Re-write the equation (I) such that the net force is zero.

    $\begin{array}{c}T-Mg\sin \theta =0\\ T=Mg\sin \theta \end{array}$        (II)

Therefore, the tension on the string is $Mg\sin \theta$.

To determine

The length of the string

Answer to Problem 60P

The length of the string is $h\left(\left(1+\sin \theta \right)/\sin \theta \right)$.

Explanation of Solution

Write the equation for the sine of the angle of inclination.

    $\sin \theta =\frac{h}{lengthofstringontheinclinedplane}$        (III)

Rewrite the equation (I) to find the equation for the $lengthofstringontheinclinedplane$.

    $lengthofstringontheinclinedplane=\frac{h}{\sin \theta }$        (IV)

Write the equation for the total length of the string.

    $L=h+\left(lengthofstringontheinclinedplane\right)$        (V)

Conclusion:

Substitute equation (II) in equation (III).

    $\begin{array}{c}L=h+\frac{h}{\sin \theta }\\ =\frac{h\sin \theta +h}{\sin \theta }\\ =h\left(\frac{1+\sin \theta }{\sin \theta }\right)\end{array}$        (VI)

Therefore, the length of the strings is $h\left(\left(1+\sin \theta \right)/\sin \theta \right)$.

To determine

The mass per unit length of the string

Answer to Problem 60P

The mass per unit length of the string is $\left(m\sin \theta /h\left(1+\sin \theta \right)\right)$.

Explanation of Solution

Write the equation for the mass per unit length of the string.

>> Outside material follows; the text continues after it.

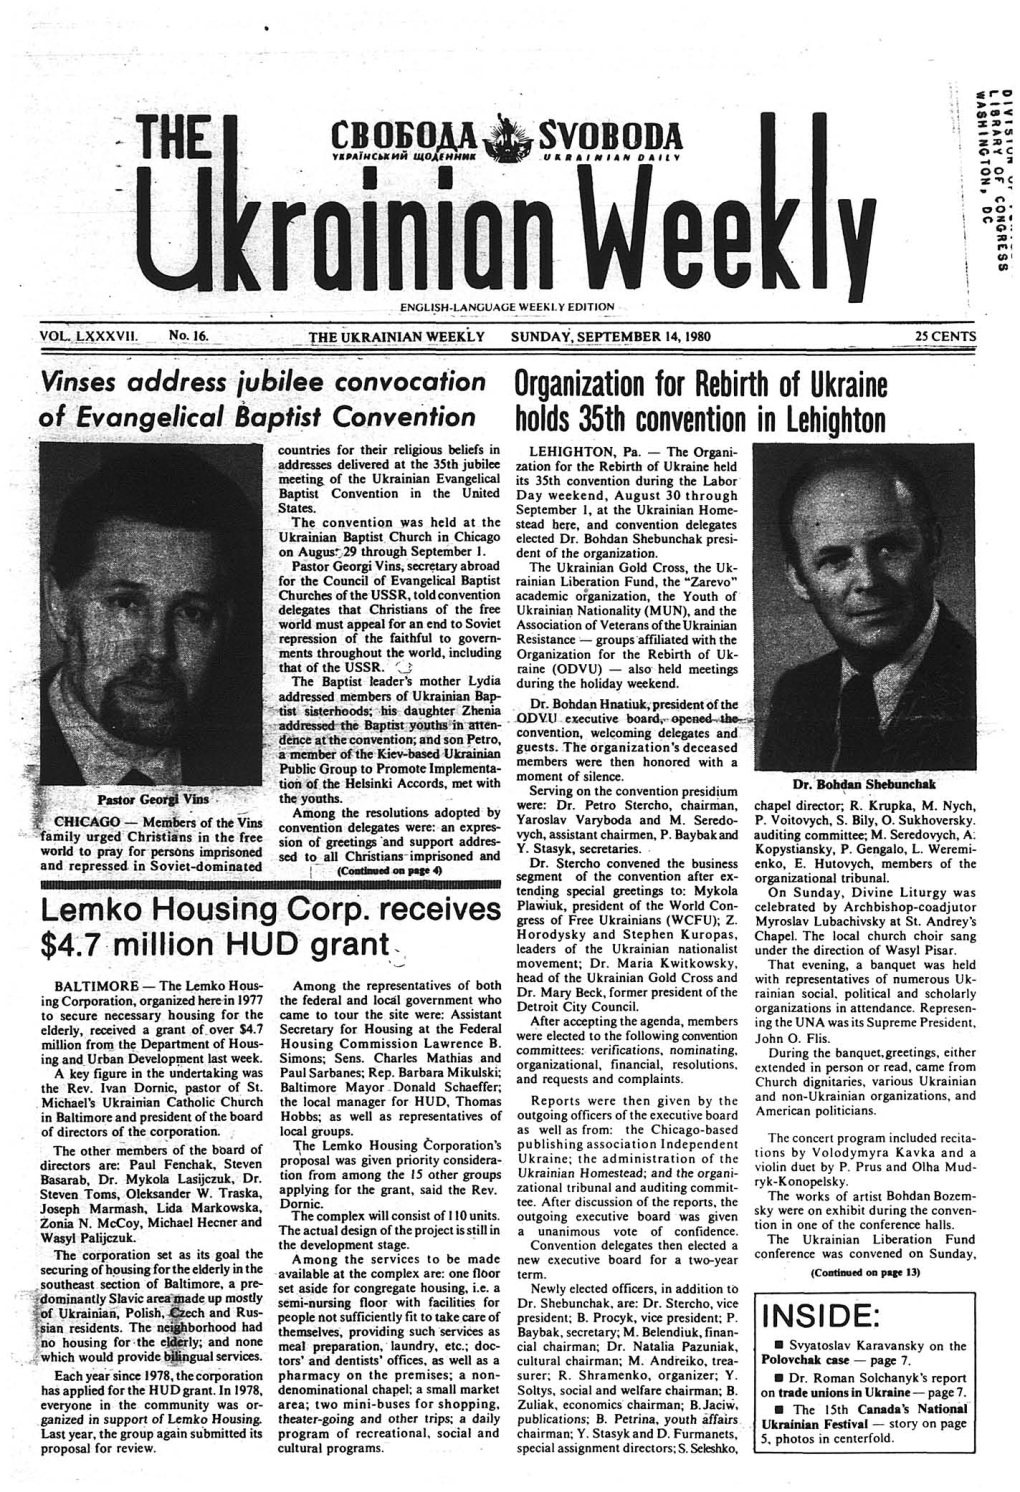 The Ukrainian Weekly 1980, No.38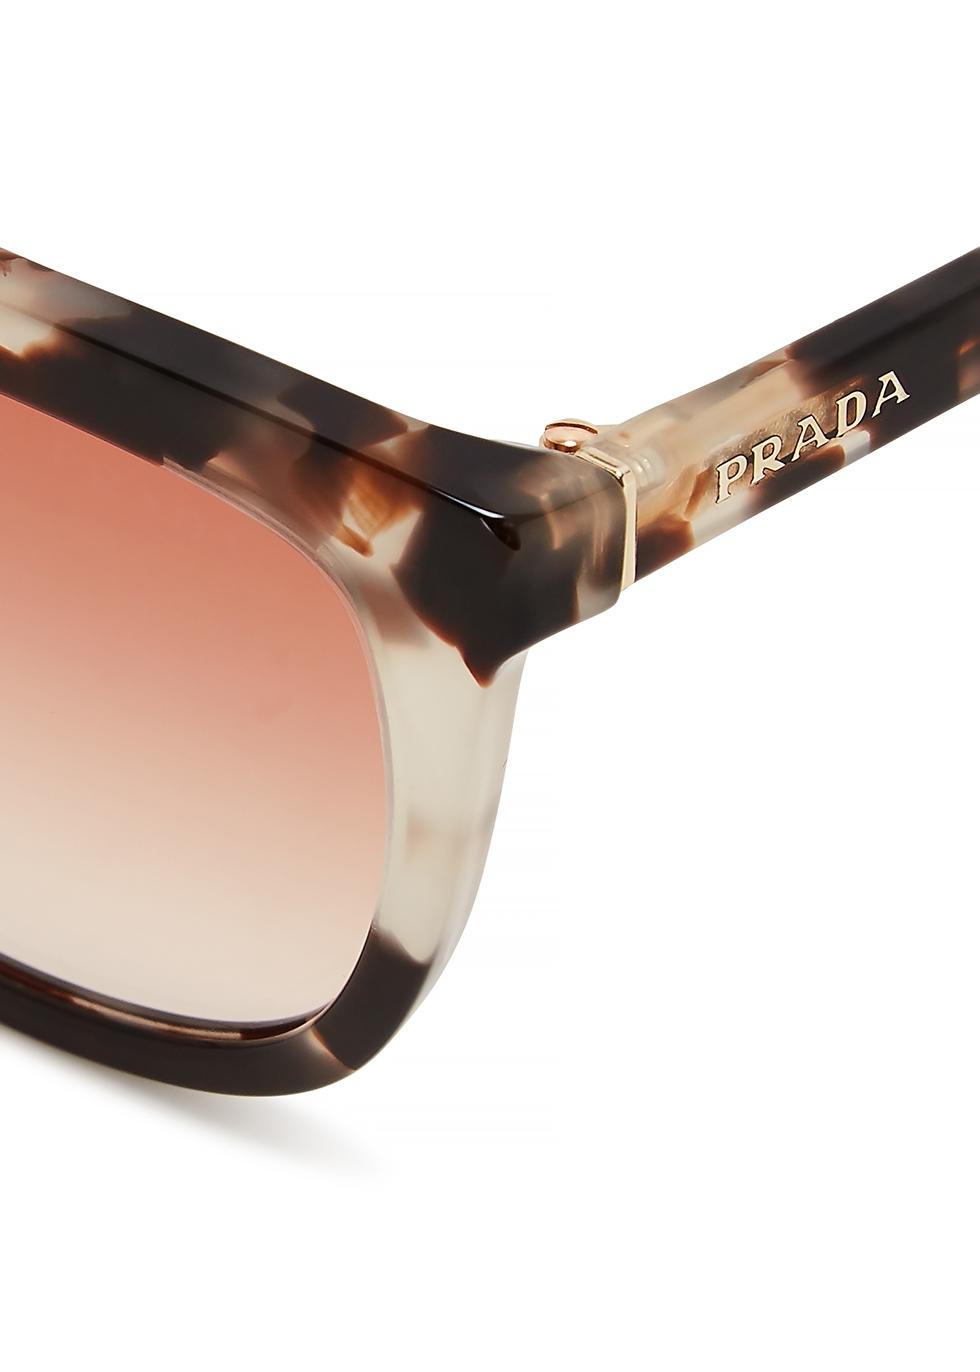 prada ray ban style sunglasses

    $\mu =\frac{m}{L}$        (VII)

Here, $m$ is the mass of the string and $L$ is the length of the string.

Conclusion:

Substitute equation (V) in equation (VI).

    $\begin{array}{c}\mu =\frac{m}{h\left(\frac{1+\sin \theta }{\sin \theta }\right)}\\ =\frac{m\sin \theta }{h\left(1+\sin \theta \right)}\end{array}$        (VIII)

Therefore, the mass per unit length of the string is $\left(m\sin \theta /h\left(1+\sin \theta \right)\right)$

To determine

The speed of waves on the string

Answer to Problem 60P

The speed of waves on the string is $\sqrt{\left(Mgh/m\right)\left(1+\sin \theta \right)}$.

Explanation of Solution

Write the equation for the speed of the waves on the string.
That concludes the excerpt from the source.